PROVIDED MATERIAL below:

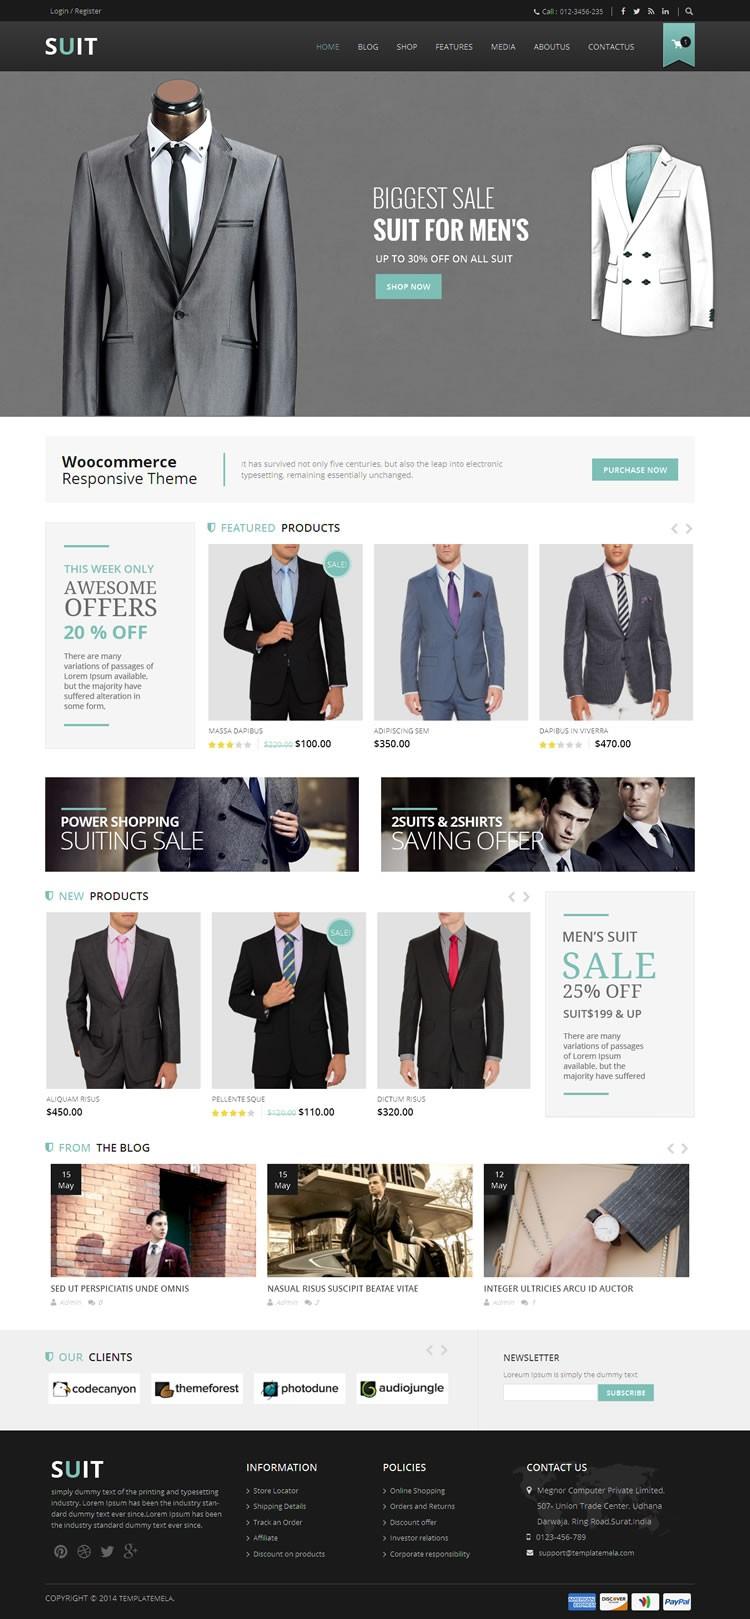 suit woocommerce responsive theme
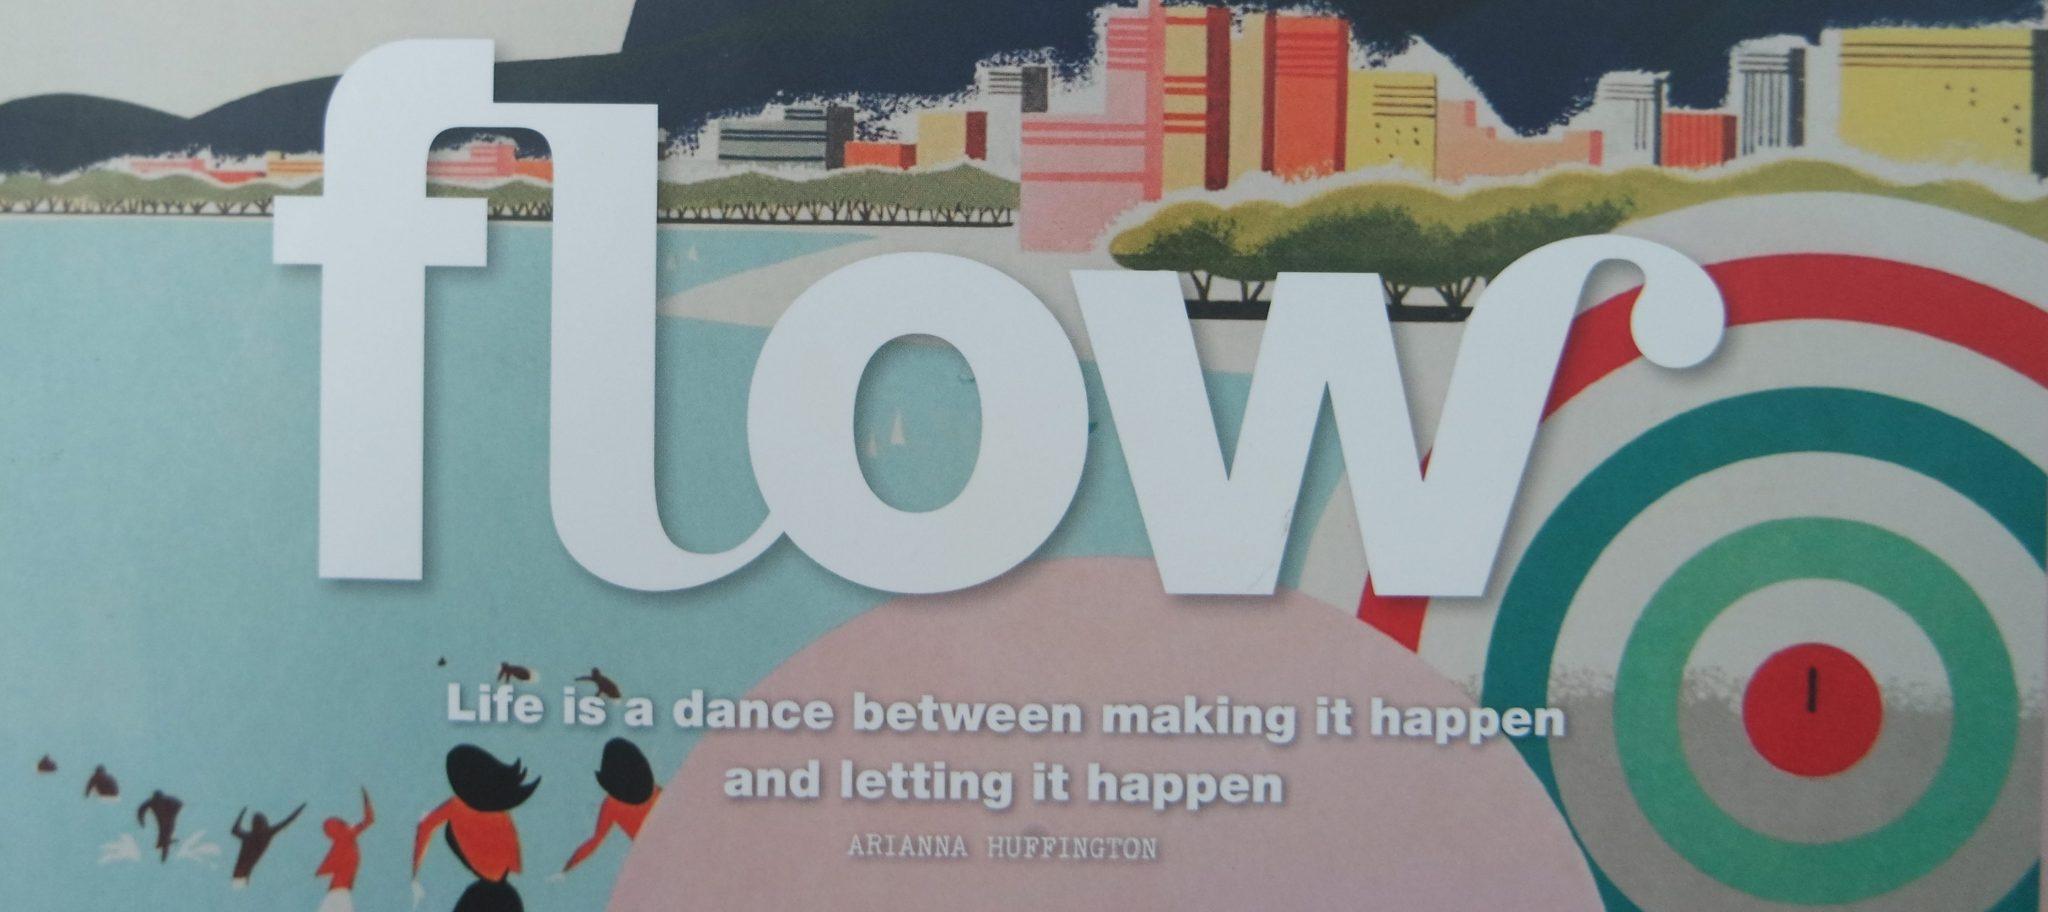 flow magazine workflow back to work
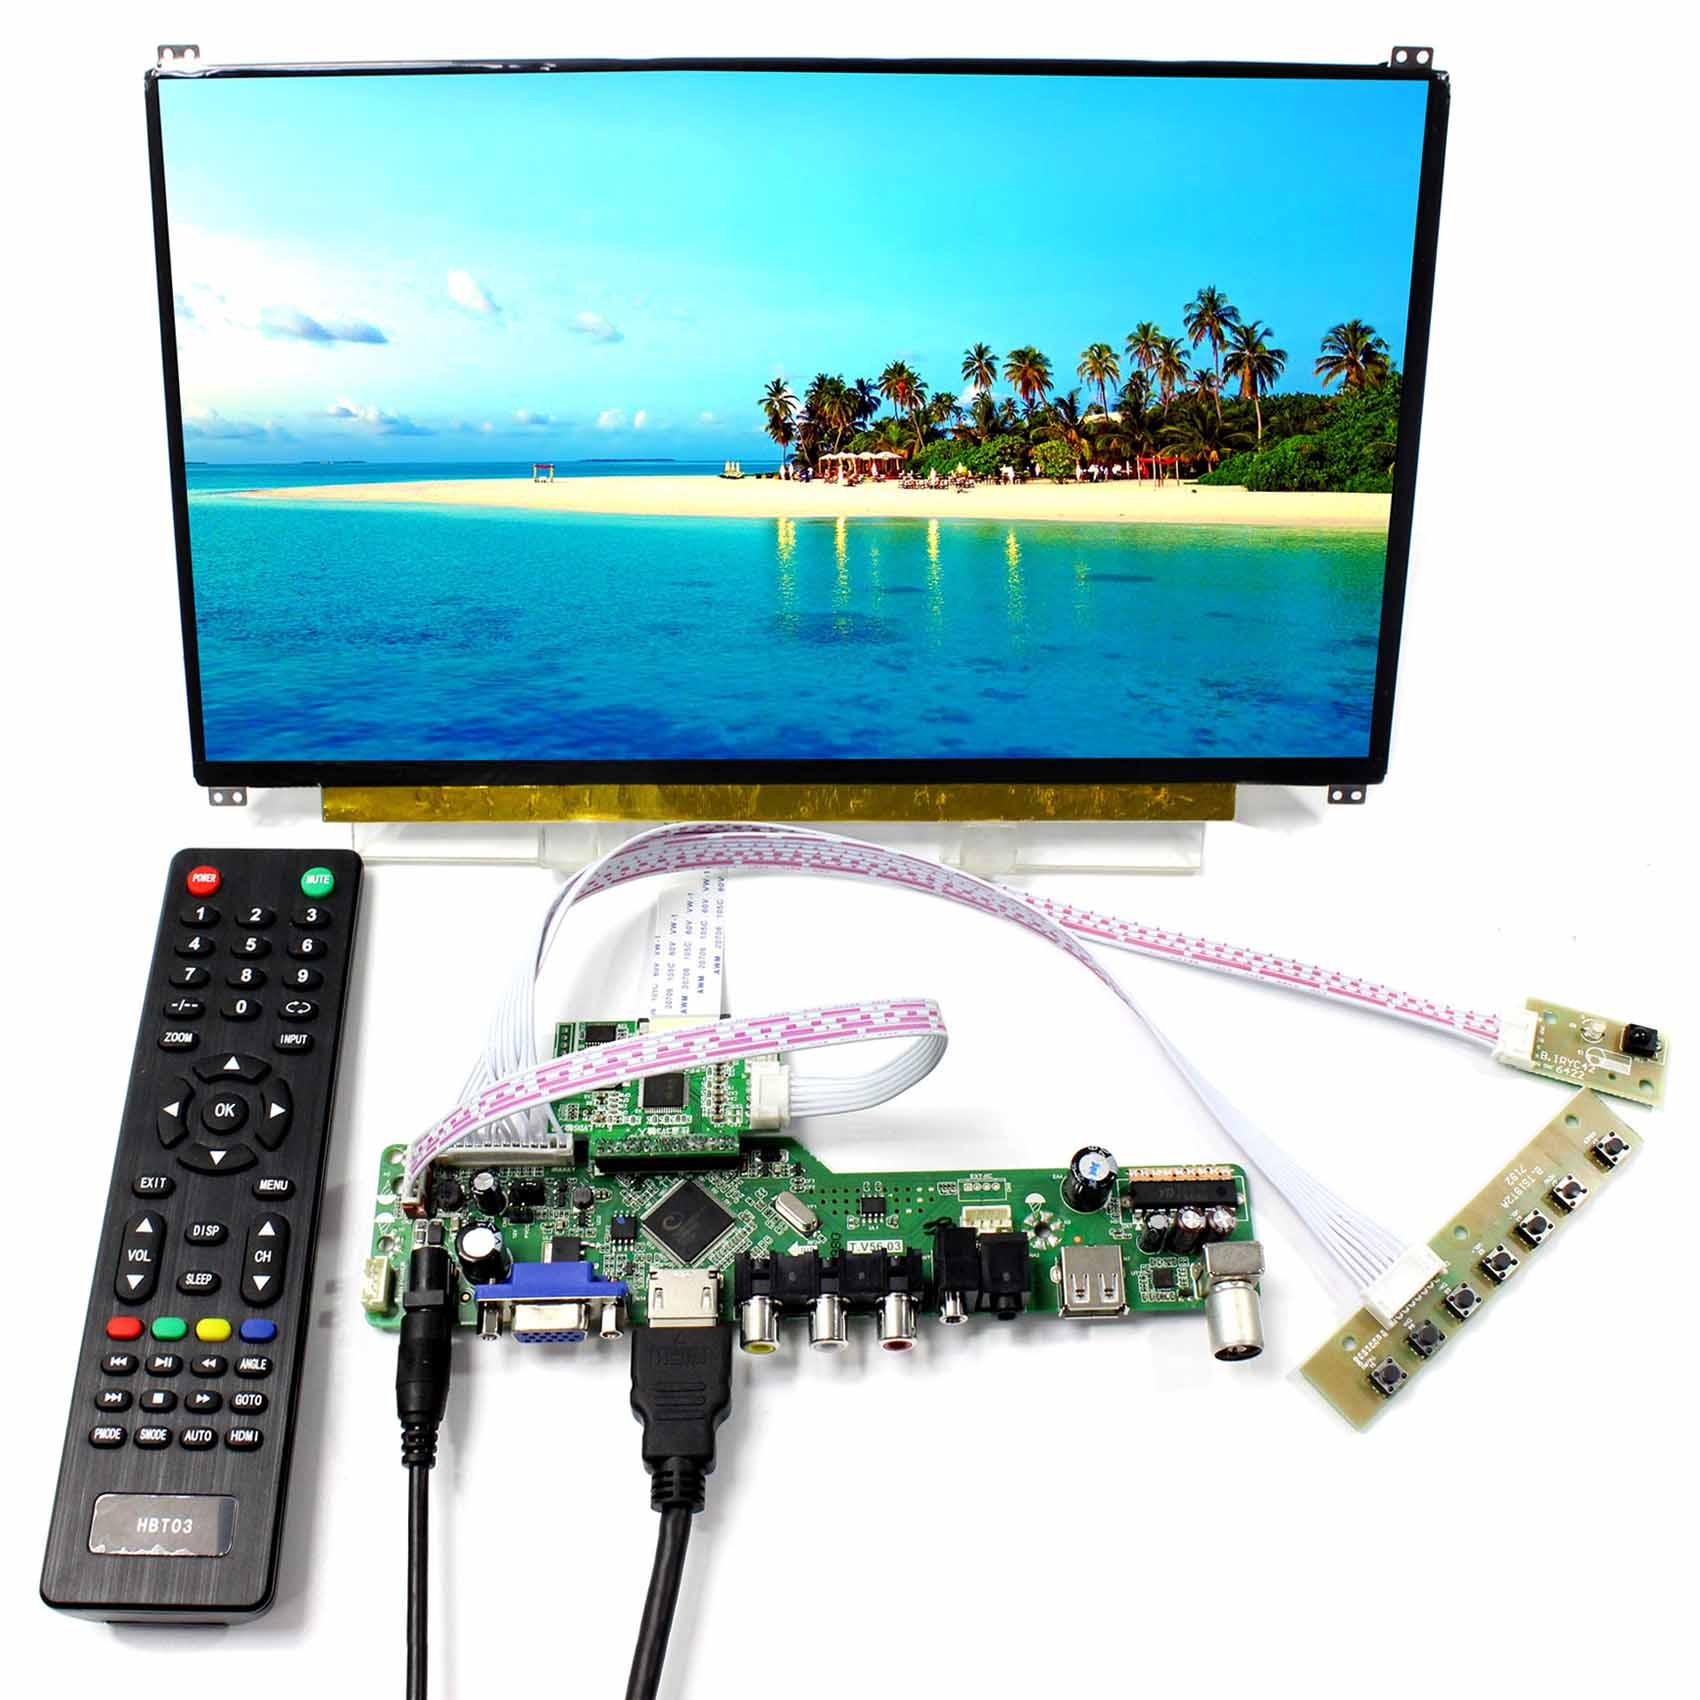 13.3 N133HSE Retroilluminazione WLED Risoluzione 1920x1080 da 13.3 pollici IPS Schermo LCD 30 pin Connettore eDP13.3 N133HSE Retroilluminazione WLED Risoluzione 1920x1080 da 13.3 pollici IPS Schermo LCD 30 pin Connettore eDP

End of PROVIDED MATERIAL.

WHAT IS NEEDED:
Write out every line above exactly as it is, leaving out the pictures.

REPLY:
 suit woocommerce responsive theme
 flow magazine workflow back to work
 13.3 N133HSE Retroilluminazione WLED Risoluzione 1920x1080 da 13.3 pollici IPS Schermo LCD 30 pin Connettore eDP13.3 N133HSE Retroilluminazione WLED Risoluzione 1920x1080 da 13.3 pollici IPS Schermo LCD 30 pin Connettore eDP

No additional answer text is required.